Intramurals, after-school sports, weekend baseball and basketball programs, the Presidential Fitness Test, all the result of the Strenuous Era, that first decade of the 20th century, which coincided with the presidency of Teddy Roosevelt.

I took some time out from writing the episode to rewatch Ken Burns’ series, “The National Parks: America’s Best Idea.” Teddy Roosevelt signed legislation establishing five National Parks. In 1906, he signed the Antiquities Act enabling presidents to proclaim historic landmarks or prehistoric structures, and other objects of historic or scientific interest, into federal ownership and as National Monuments. At the time, no other country had a National Park. It resulted in protecting one of my favorite places, the Grand Canyon.

As I mentioned earlier, maybe this is the reason that many people hated Teddy Roosevelt. Many believed it was his overreach of government. But I admire the vision that Roosevelt had. He and others took the long view. “A National Park,” Wallace Stegner (one of the others with a long view vision) wrote, “are the best idea we ever had. They reflect us at our best rather than our worst.”

One of the first essays I read by Roosevelt was, “A Cougar Hunt on the Rim of the Grand Canyon.” He had established it a National Monument in 1908. “Leave it as it is,” he said. You cannot improve on it. The ages have been at work on it, and people can only mark it.”

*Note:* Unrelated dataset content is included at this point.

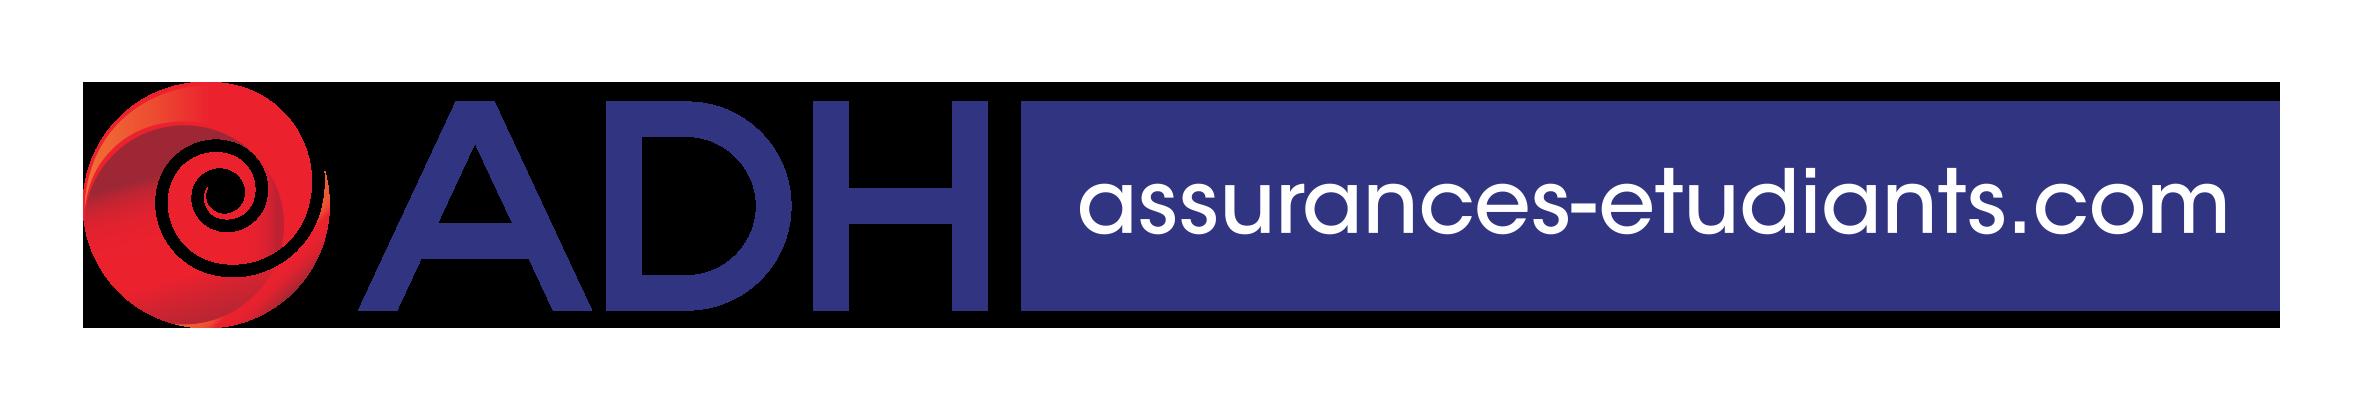 ADH Assurances Etudiants logo

Five years later, he took his two sons hunting in the Canyon. Some people have a difficult time reconciling the image of him as a hunter with the image of him as a conservationist. Not me. He was a complicated man who loved the outdoors. I, for one, love him.  He died at age 60, partly from grief, having lost a son in World War I, partly from a gunshot wound from an attempted assassination, and partly due to diseases he contracted on his travels and exploits into the Brazilian Rainforest.

He left his mark.

I believe that Teddy Roosevelt was a Fitness Revolutionary. It’s rare that we have such an example from such a high-ranking individual. Other leaders missed their chance to be Fitness Revolutionaries. There are some that don’t think well of George W. Bush, but he was a very fit and active president. Maybe he missed his chance to make an impact on the fitness of our young people. We each decide what kind of mark we can make.

We are living in a day and age when, despite the opportunities for young people to exercise in and out of school, obesity continues to rise. I certainly think a lot of this has to do with nutrition, but I also think that children spend too much time in front of a screen. When I was in the fifth grade, in Elberfeld, Indiana, all I remember was “ripping and tearing” through the fields in the back part of our property. We had one TV that we all shared. No smart phones. No tablets.  I think we were healthier and better for it.

Teddy Roosevelt set in motion The Strenuous Era and maybe it’s time to start a new revolution.